Re-implementing using stringi
gives a roughly 4x speedup. I also edited sort_cat
to use fixed = TRUE
in the strsplit
, which makes it a little faster. And thanks to Carl for the single loop suggestion, which speeds us up just a little bit more.

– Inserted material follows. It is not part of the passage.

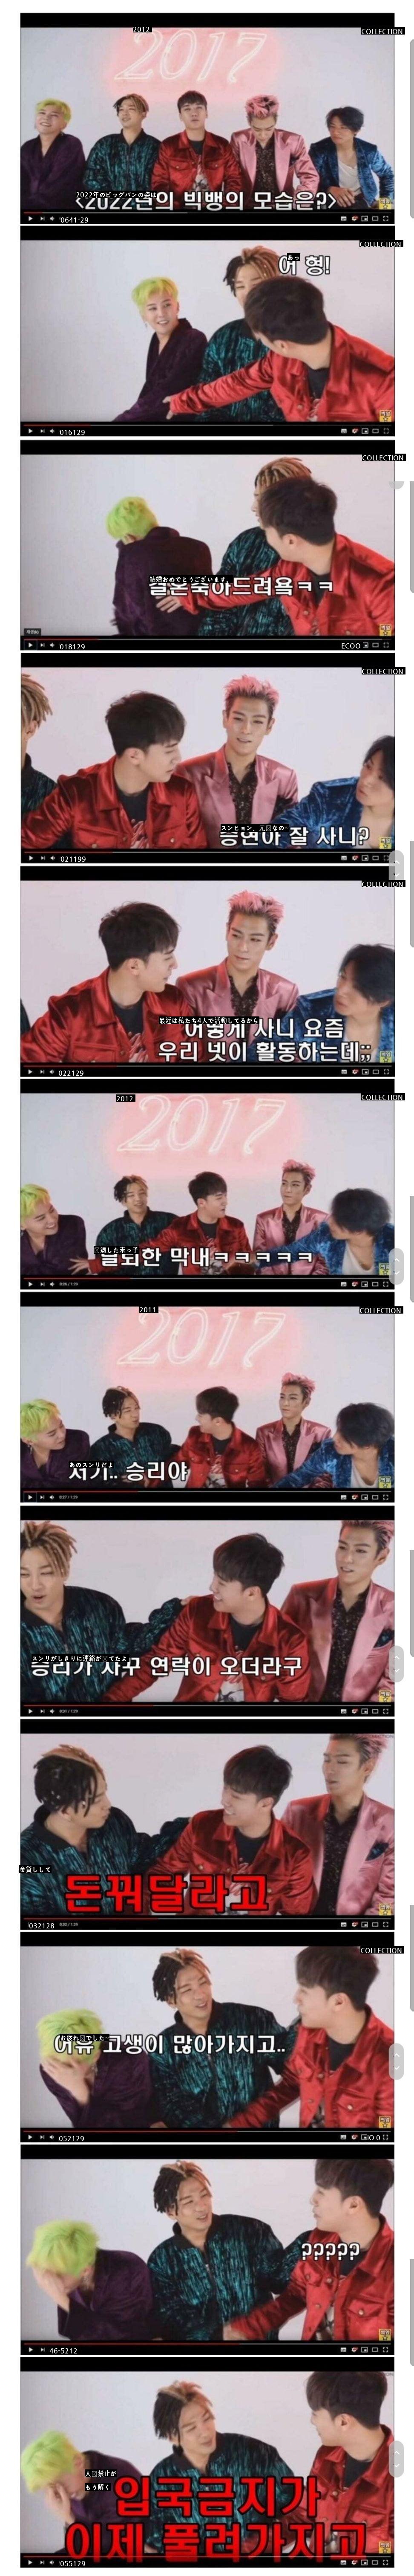 5年前のBIGBANGが予想した 2022年BIGBANGの姿

sort_cat <- function(strings){
tmp <- strsplit(strings, split="", fixed = TRUE)
tmp <- lapply(tmp, sort)
tmp <- lapply(tmp, paste0, collapse = "")
tmp <- unlist(tmp)
return(tmp)
}
library(stringi)
sort_stringi = function(s) {
s = stri_split_boundaries(s, type = "character")
s = lapply(s, stri_sort)
s = lapply(s, stri_join, collapse = "")
unlist(s)
}
sort_stringi_loop = function(s) {
s = stri_split_boundaries(s, type = "character")
for (i in seq_along(s)) {
s[[i]] = stri_join(stri_sort(s[[i]]), collapse = "")
}
unlist(s)
}
bench::mark(
sort_cat(strings),
sort_stringi(strings),
sort_stringi_loop(strings)
)
# # A tibble: 3 x 13
# expression min median `itr/sec` mem_alloc `gc/sec` n_itr n_gc total_time result memory
# <bch:expr> <bch:> <bch:> <dbl> <bch:byt> <dbl> <int> <dbl> <bch:tm> <list> <list>
# 1 sort_cat(strings) 23.01s 23.01s 0.0435 31.2MB 2.17 1 50 23.01s <chr ~ <Rpro~
# 2 sort_stringi(strings) 6.16s 6.16s 0.162 30.5MB 2.11 1 13 6.16s <chr ~ <Rpro~
# 3 sort_stringi_loop(strings) 5.75s 5.75s 0.174 15.3MB 1.74 1 10 5.75s <chr ~ <Rpro~
# # ... with 2 more variables: time <list>, gc <list>
This method could also be used in parallel. Profiling the code to see which operations actually take the longest would be a good next step if you want to go even faster.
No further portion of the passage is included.